I am not a horror movie fan, and the clips I’ve seen of the three Evil Dead movies have left me fairly unmoved, but I like musicals, and camp, and it’s gotten great reviews, so off we went. It was as enjoyably silly as I thought it would be—lots of catchy music and clever lyrics (when you could hear them over the unbalanced sound system, that is), interesting staging (just about every object in the cabin set moves) and fine performances all around. Unfortunately Ryan Ward, who originated the role of Ash in Toronto and Off-Broadway, was not there that night, but his replacement Kristian Bruun was excellent (as was Tim Porter, who understudies Bruun’s usual role of Scott. It’s quite the game of musical chairs when someone’s off in that play!). We were not in the famous “splatter zone”, the two rows closest to the stage who get soaked with whatever blood is spraying around the vicinity, but it was pretty hilarious to see the actors simply dump Dixie cups of fake blood right on top of the patrons at stage right.
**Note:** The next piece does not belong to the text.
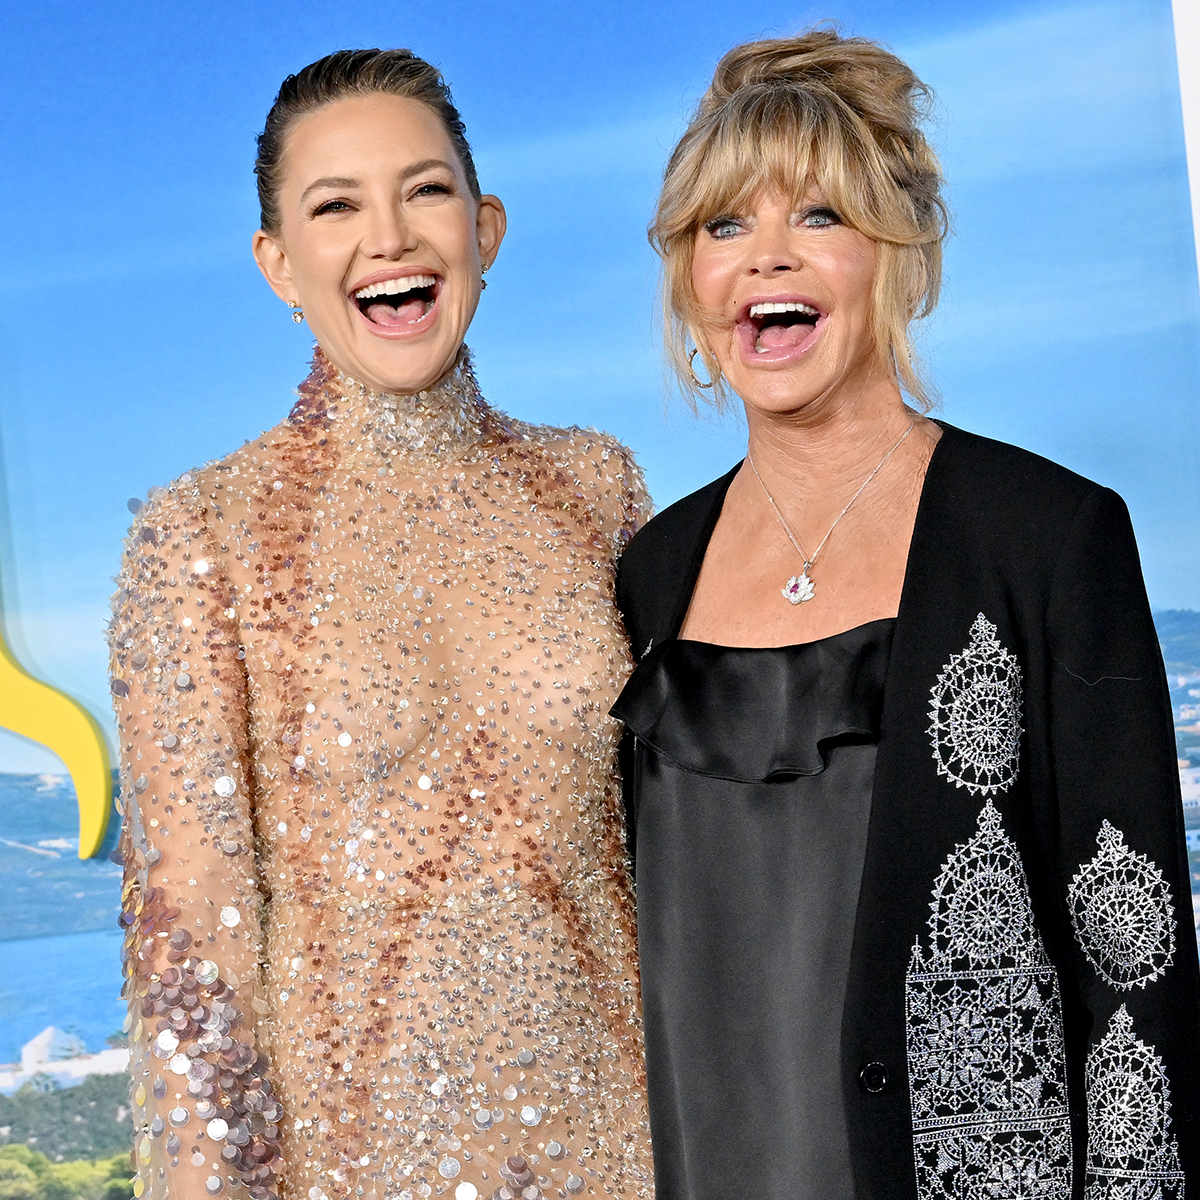 https://akns-images.eonline.com/eol_images/Entire_Site/20221015/rs_1200x1200-221115072624-1200-Kate-Hudson-Goldie-Hawn-LT-111522-GettyImages-1441630962.jpg?fit=around%7C1200:1200&output-quality=90&crop=1200:1200;center,top

We wondered if the actors knew those people; the local theatre critic got drenched by the bucketful when he dared to brave the splatter zone.

Even though I wasn’t too impressed with the movie clips, I was glad I saw them prior to the show—quite a few of the play’s funnier lines were lifted straight from the films, most memorably Ash’s speech about his “boomstick”. You don’t really have to have seen the movies to appreciate the play; it just adds to the enjoyment to get the in-jokes.

It was interesting to see the play’s audience: Much younger than, say, your average Mirvish theatre-goer—some people our age (the ones who might have seen the movies when they first came out); the rest younger. It was especially telling when we told our mothers (both avid theatre buffs) what play we were going to; they looked at us like we had just announced we were going to a Def Leppard concert.